- _What the task asks_
Reproduce every line of the data, exactly and without its pictures.

── Exercise data

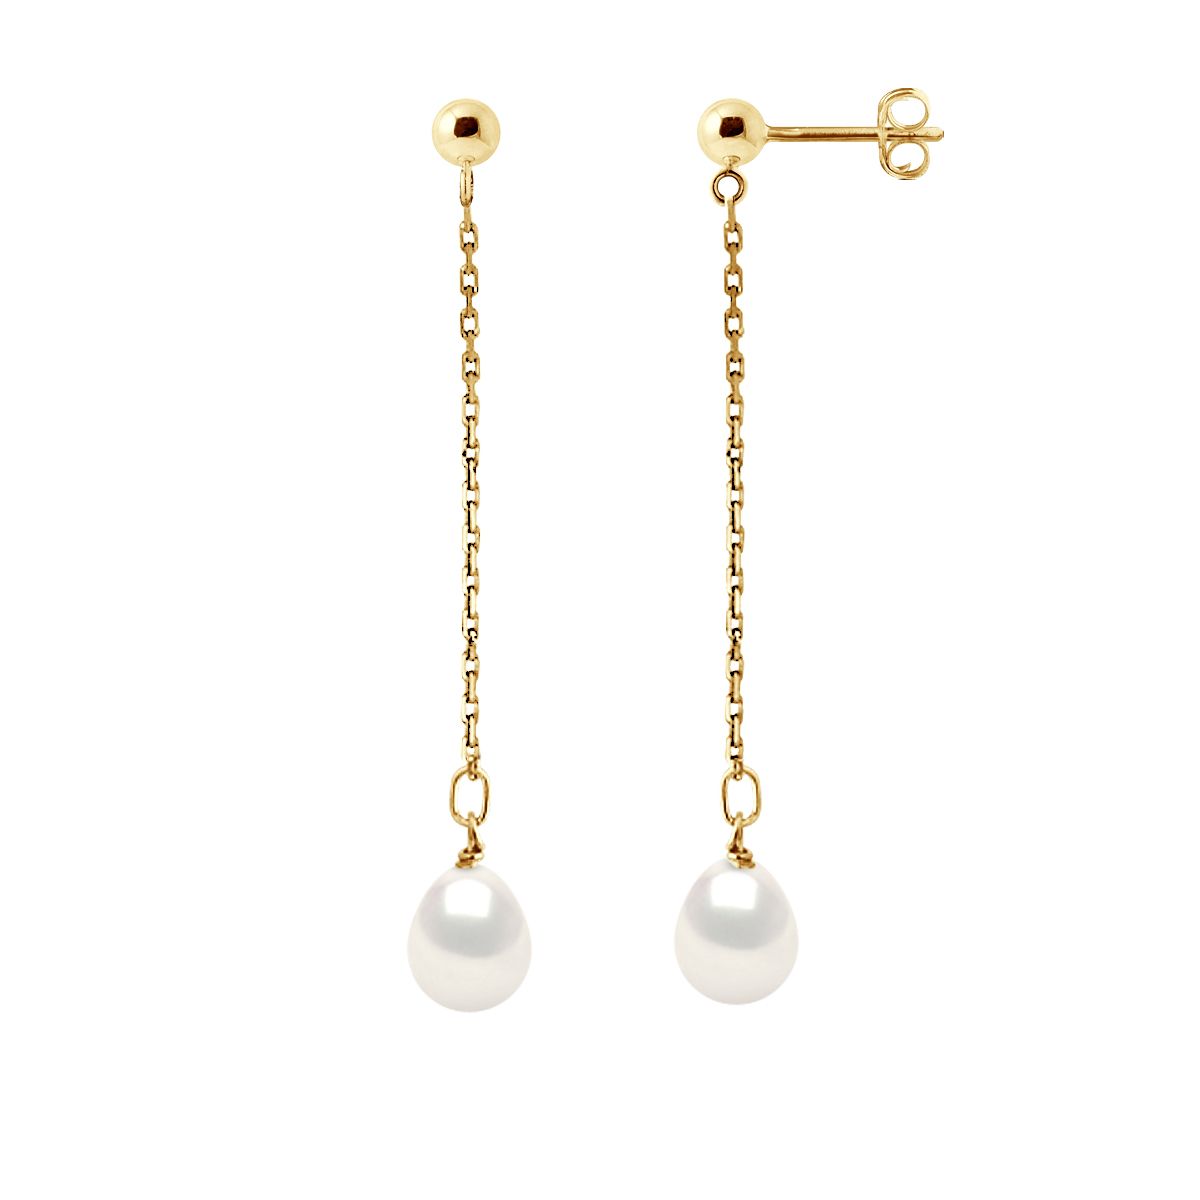 Earrings of true Cultured Freshwater Pearls Pear Shape 7-8 mm - 0,31 in - Natural White Color Push System and chain Gold - Our jewellery is made in France and will be delivered in a gift box accompanied by a Certificate of Authenticity and International Warranty
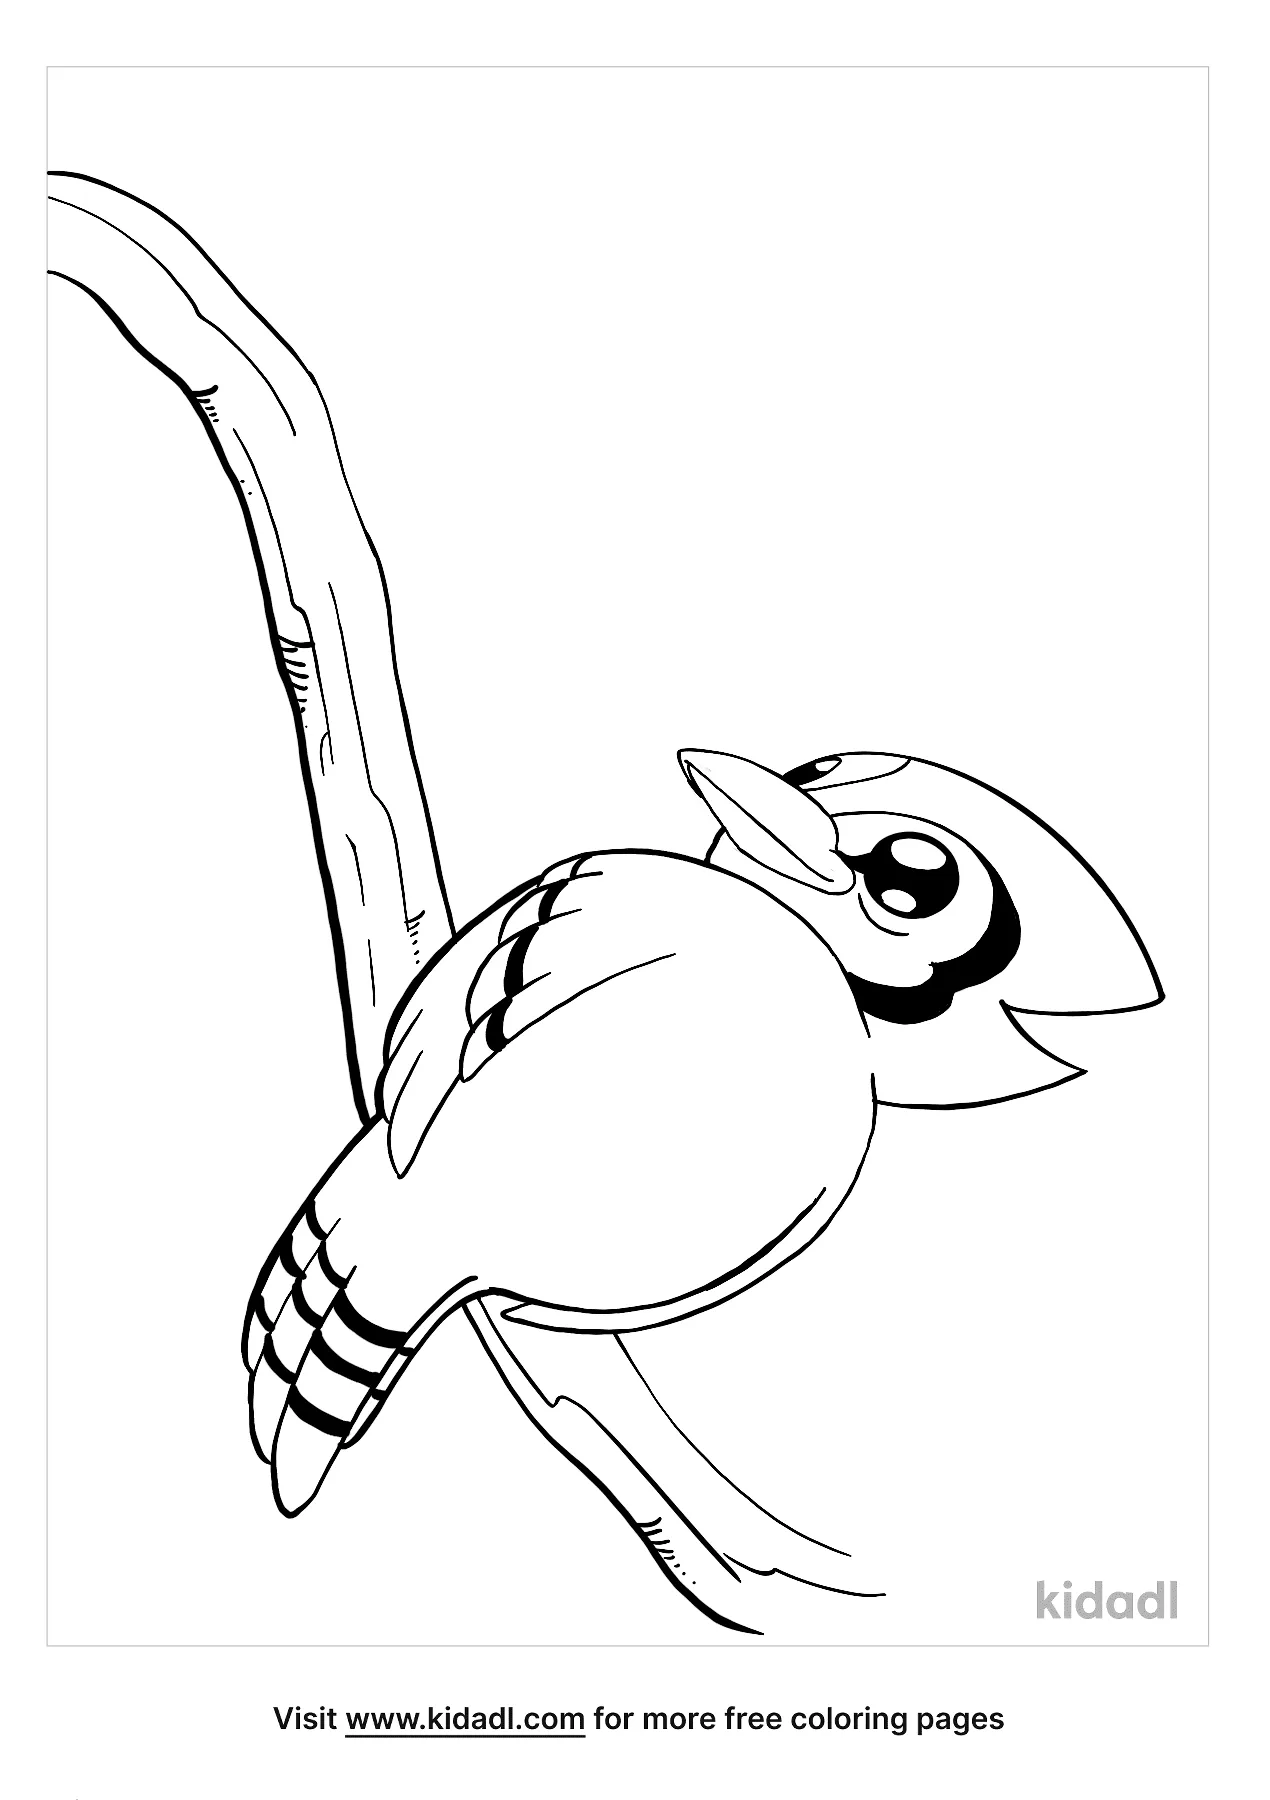 Blue Jay Coloring Pages   Free Birds Coloring Pages   Kidadl
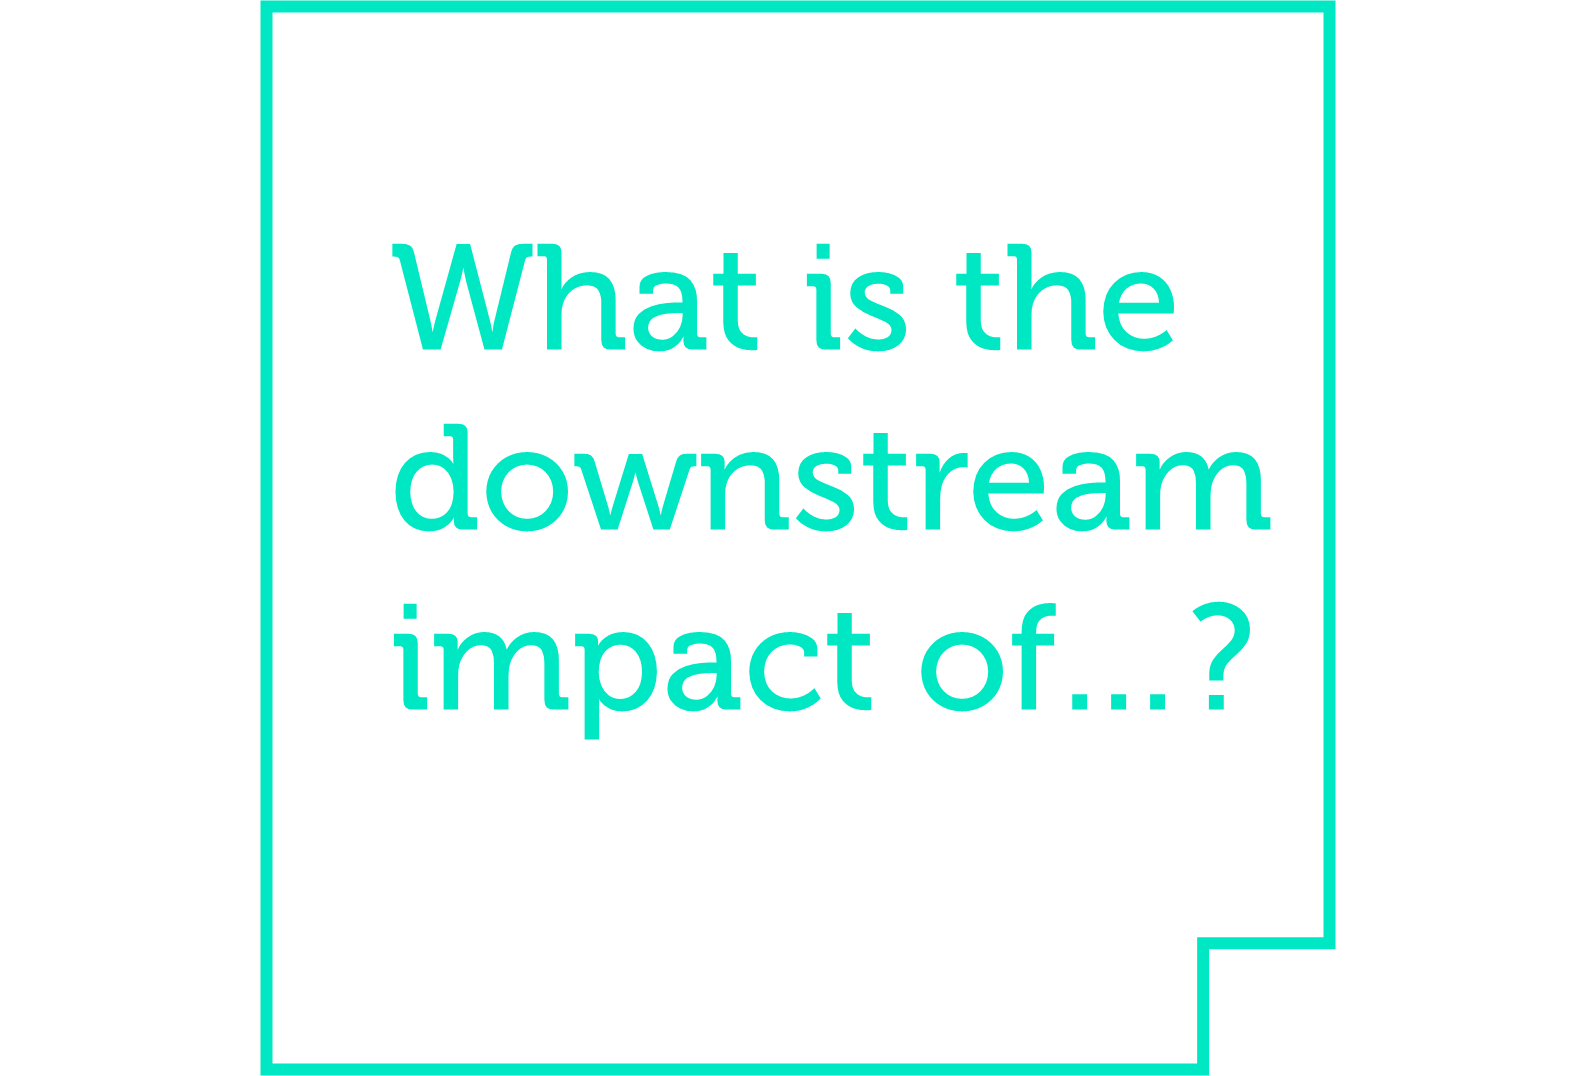 Axon: What is the downstream impact of...?
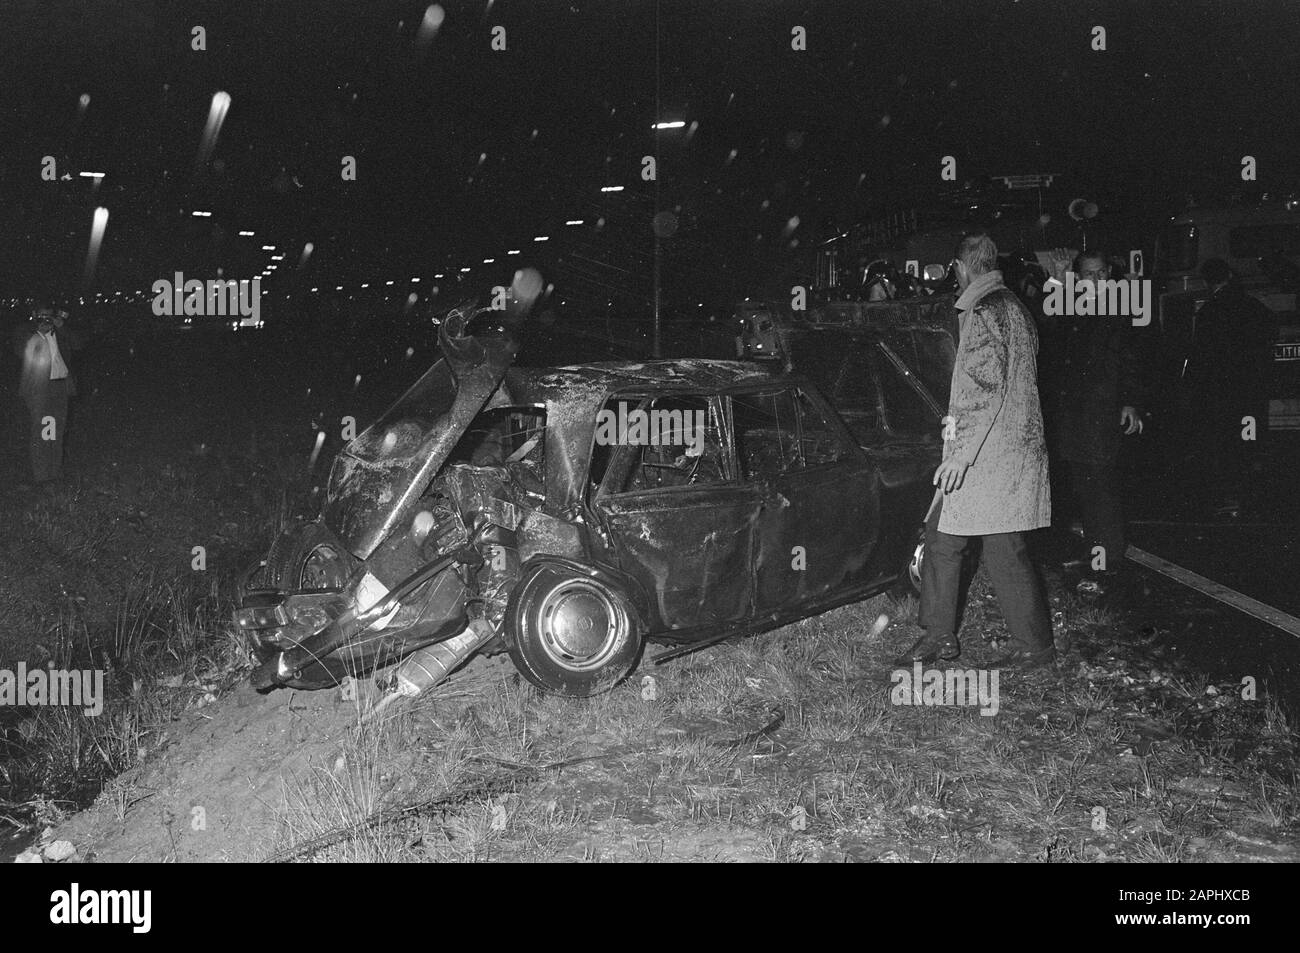 Burnt out car Description: The remnants of the Fiat 124, at Hoogweg. The accident cost a person's life Date: September 15, 1968 Keywords: car wrecks, fires Stock Photo

────

- _Reply_
 Earrings of true Cultured Freshwater Pearls Pear Shape 7-8 mm - 0,31 in - Natural White Color Push System and chain Gold - Our jewellery is made in France and will be delivered in a gift box accompanied by a Certificate of Authenticity and International Warranty
 Blue Jay Coloring Pages   Free Birds Coloring Pages   Kidadl
 Axon: What is the downstream impact of...?
 Burnt out car Description: The remnants of the Fiat 124, at Hoogweg. The accident cost a person's life Date: September 15, 1968 Keywords: car wrecks, fires Stock Photo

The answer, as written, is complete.